Content starts

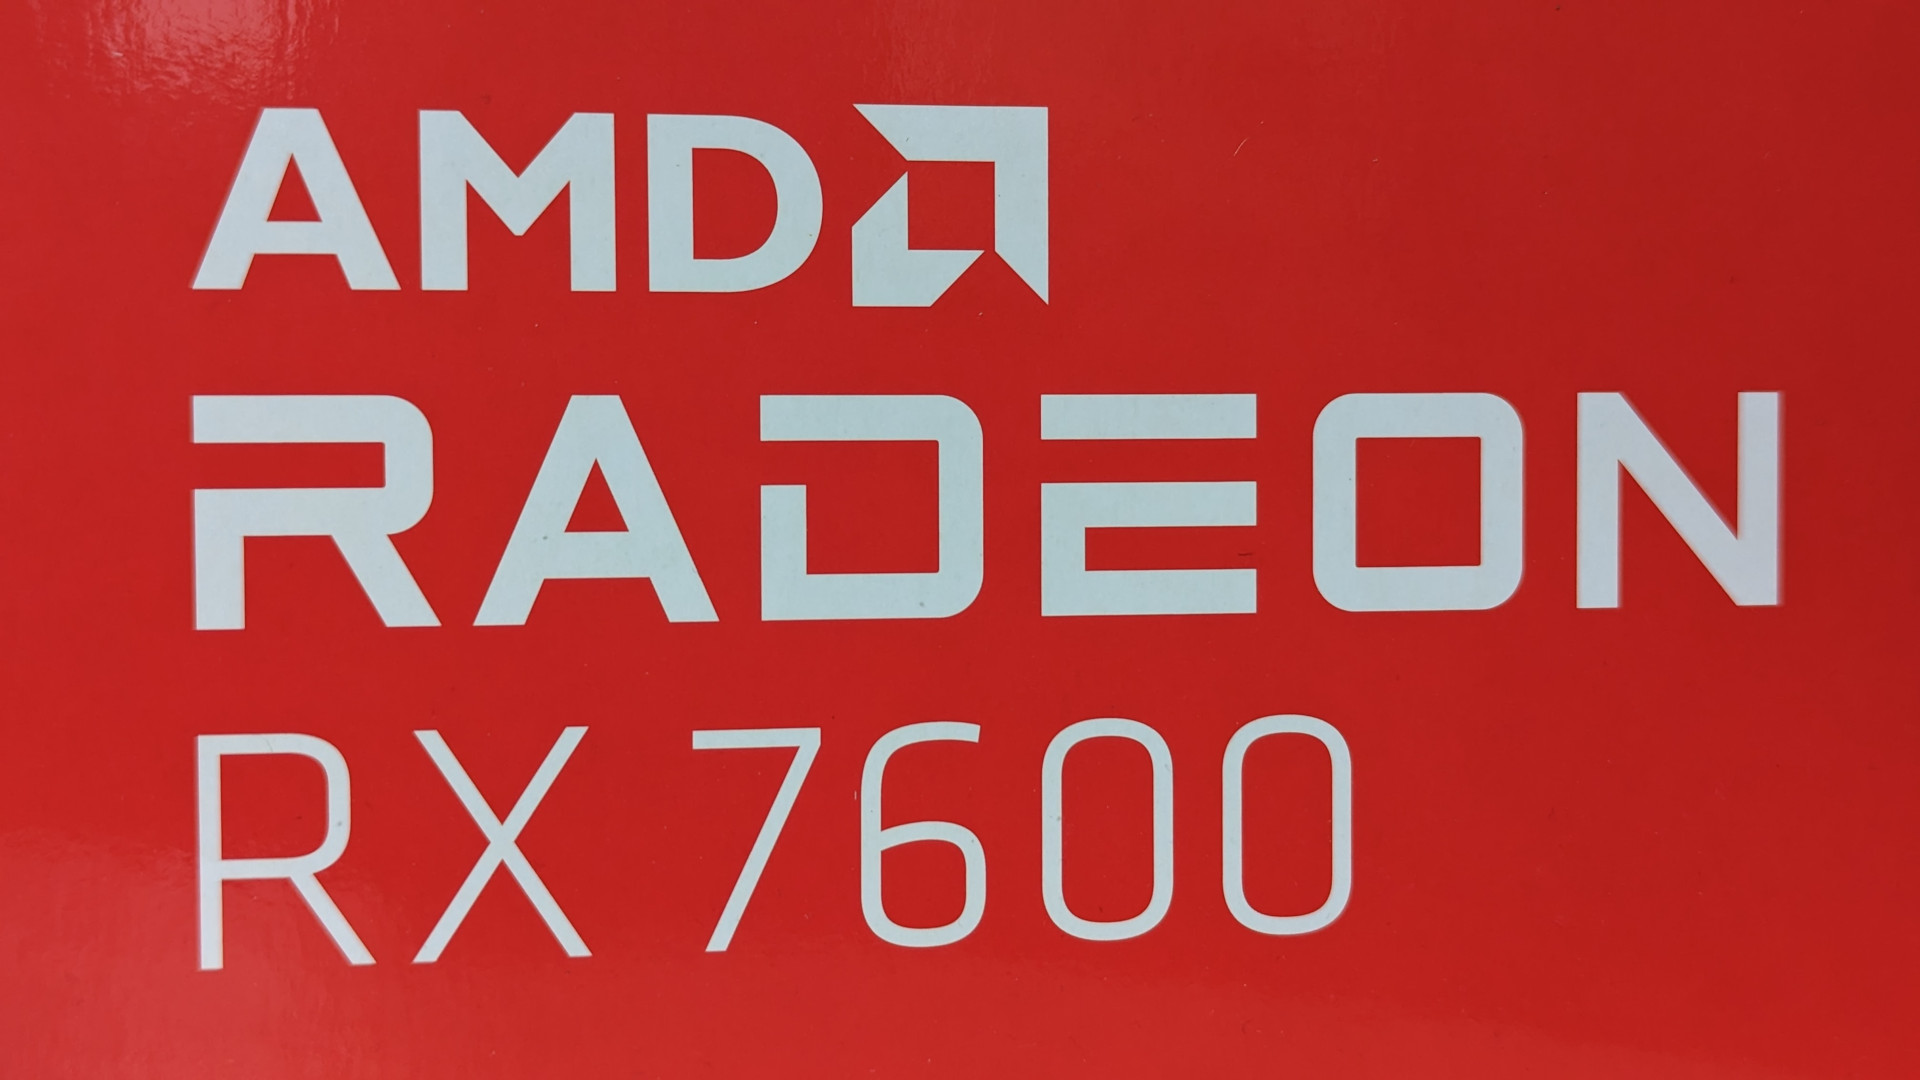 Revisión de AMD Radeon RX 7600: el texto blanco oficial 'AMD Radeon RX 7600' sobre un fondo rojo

Content ends
Content starts

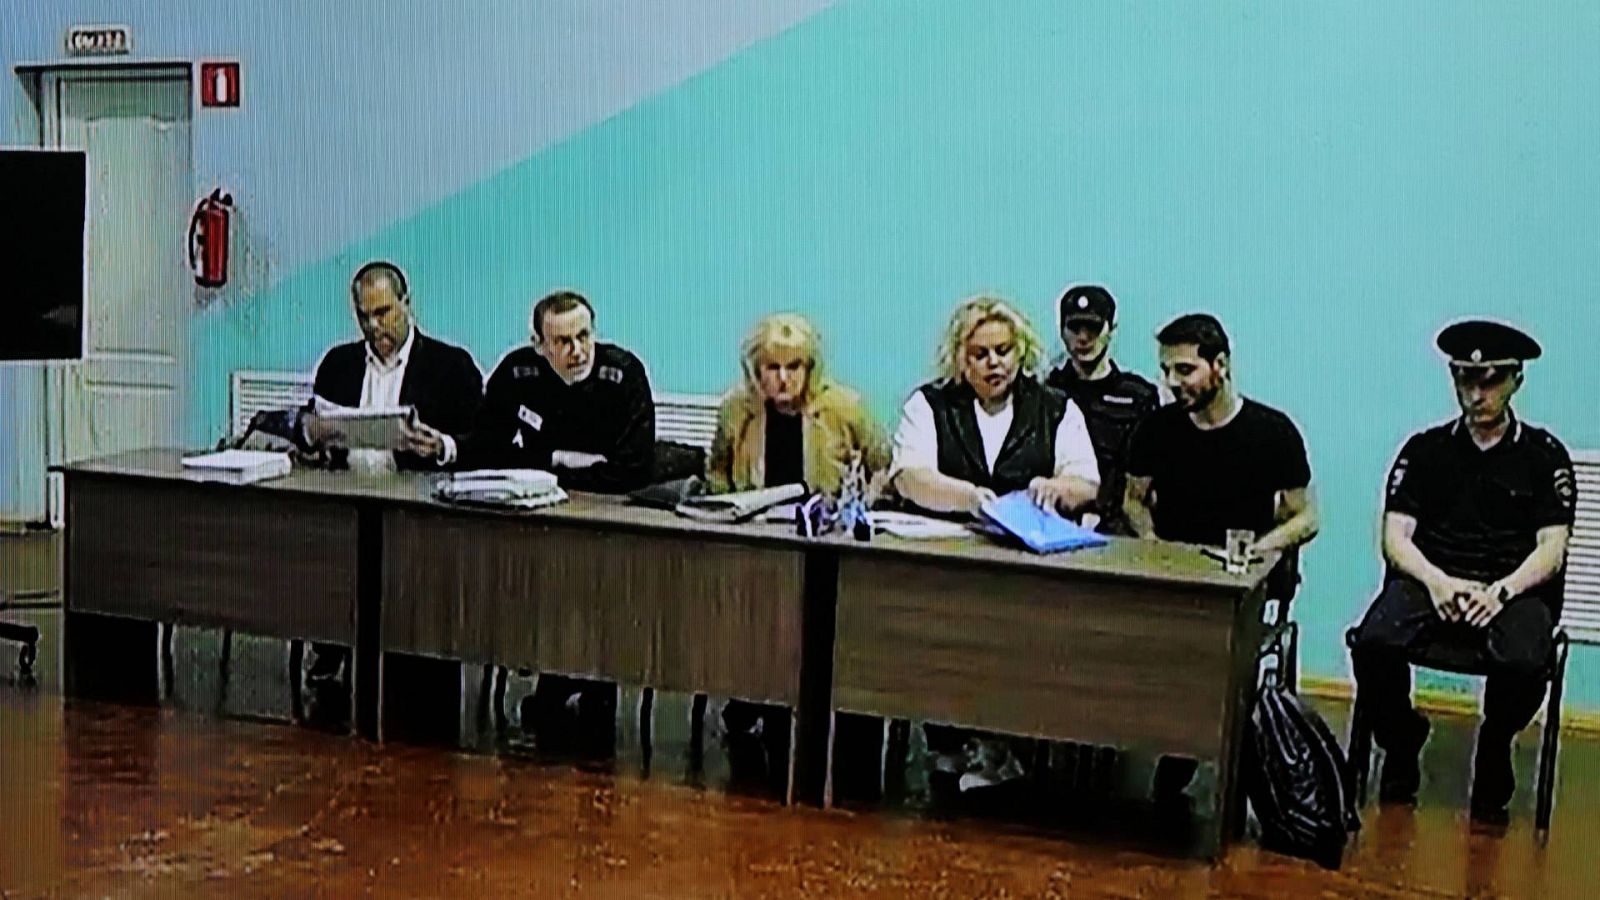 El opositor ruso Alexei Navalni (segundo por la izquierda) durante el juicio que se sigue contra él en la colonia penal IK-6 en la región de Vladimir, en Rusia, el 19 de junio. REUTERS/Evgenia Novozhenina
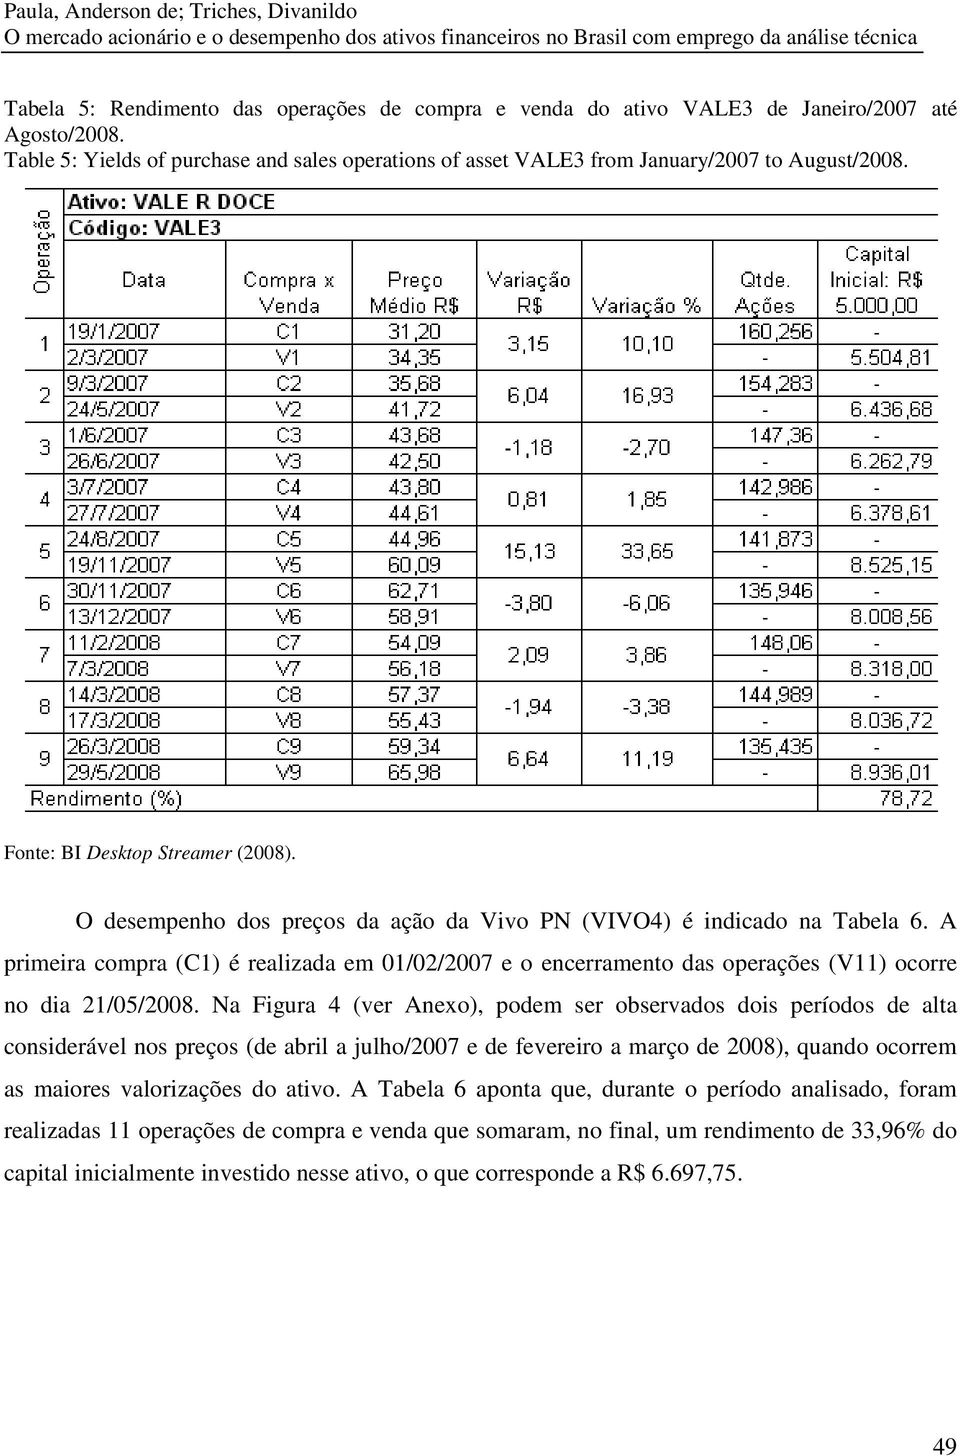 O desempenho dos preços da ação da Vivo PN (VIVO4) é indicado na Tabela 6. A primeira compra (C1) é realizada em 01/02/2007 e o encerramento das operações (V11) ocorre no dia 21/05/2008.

Content ends
Content starts

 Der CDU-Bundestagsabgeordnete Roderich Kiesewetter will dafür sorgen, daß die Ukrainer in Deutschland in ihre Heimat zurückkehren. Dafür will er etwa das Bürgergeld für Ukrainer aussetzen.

Content ends

[What you should do]
Print nothing but the lines above starting with the line that contains "El opositor ruso" and going on through the line that contains "O desempenho dos". Leave out the pictures.

[Exercise response]
 El opositor ruso Alexei Navalni (segundo por la izquierda) durante el juicio que se sigue contra él en la colonia penal IK-6 en la región de Vladimir, en Rusia, el 19 de junio. REUTERS/Evgenia Novozhenina
 O desempenho dos preços da ação da Vivo PN (VIVO4) é indicado na Tabela 6. A primeira compra (C1) é realizada em 01/02/2007 e o encerramento das operações (V11) ocorre no dia 21/05/2008.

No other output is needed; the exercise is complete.